- Location: South Australia
- Nearest city: Cummins
- Coordinates: 34°10′S 135°59′E﻿ / ﻿34.16°S 135.99°E
- Area: 78 ha (190 acres)
- Established: 7 December 2006
- Governing body: Department for Environment & Water

= Moody Tank Conservation Park =

Protected area in South Australia

Moody Tank Conservation Park is a protected area located in the Australian state of South Australia on the Eyre Peninsula about 26 km north-east of Cummins.

In 2007, the conservation park was described by its managing authority as follows:
Moody Tank Conservation Park was proclaimed on 7 December 2006 under the National Parks and Wildlife Act 1972, to protect and conserve endemic, remnant vegetation and a site of heritage significance. The park was proclaimed without access under State mining legislation. Moody Tank Conservation Park contains four major vegetation communities, one of which (Eucalyptus peninsularis, E. leptophylla and E. pileata open mallee) is listed as threatened in South Australia. The park also protects numerous plant species of conservation significance and provides suitable habitat for the nationally vulnerable Granite Mudwort (Limosella granitica).

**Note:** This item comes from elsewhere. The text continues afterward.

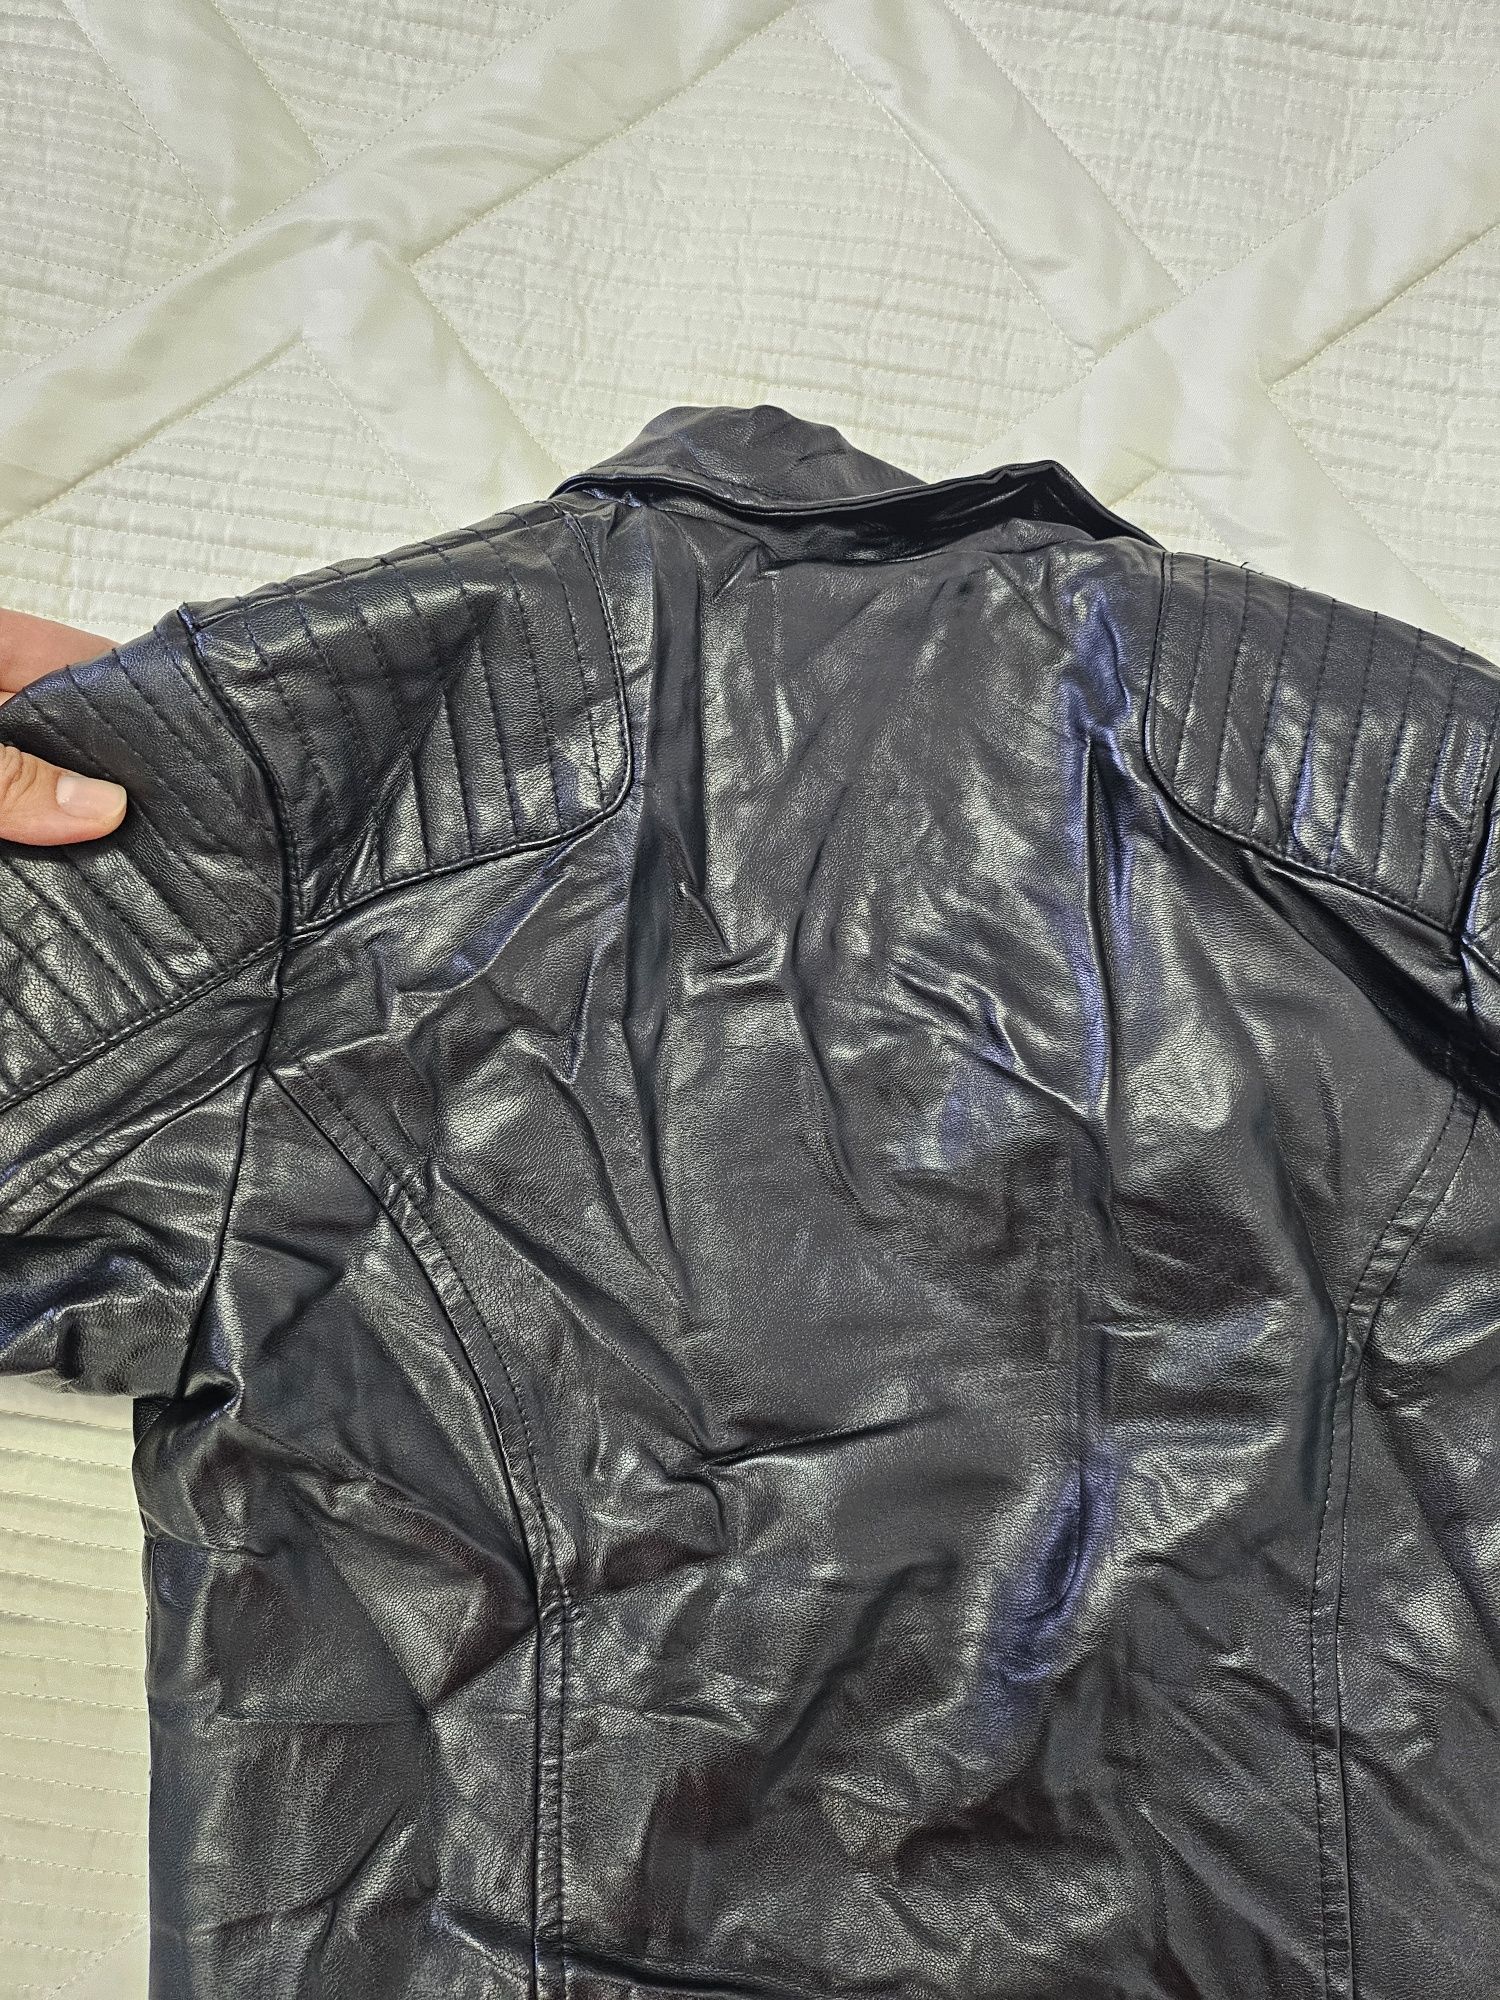 Продаю кожаный пиджак возраст указан на этикетке,надевали 2 раза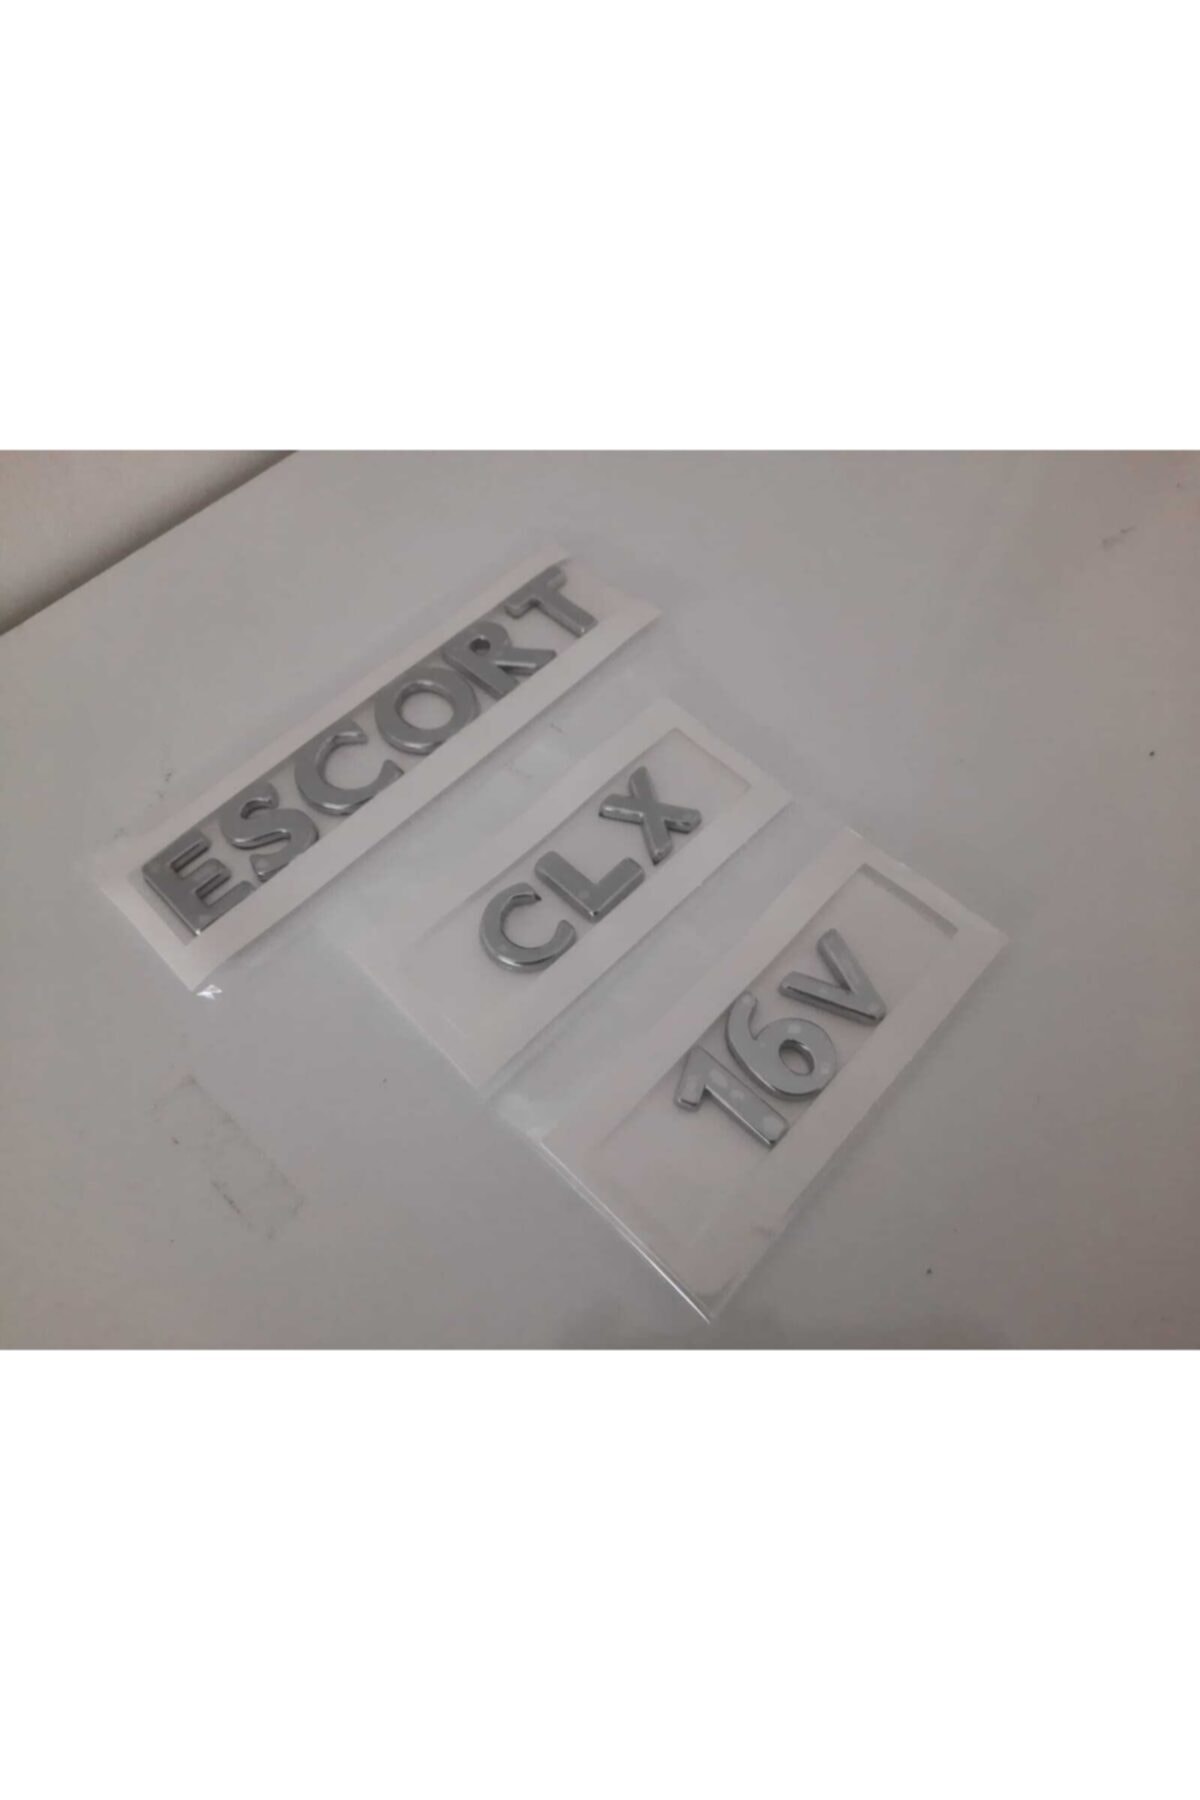 Escort Clx 16v Yazı-3 Adet Takım

The conservation park is located in the locality of Ungarra and be accessed from its south side by a road named Yeelana Road which connects to the Lincoln Highway in the east and the Tod Highway in the west.

The conservation park includes the Moody Rocks Water Tank (also known as the Moody Reservoir) which is listed on the South Australian Heritage Register and is the feature from which the conservation park's name is derived. The water tank was constructed in 1913 to supply water to steam locomotives using the railway line located on the south side of Yeelana Road which is a branch of the Eyre Peninsula Railway.

The conservation park is classified as an IUCN Category III protected area.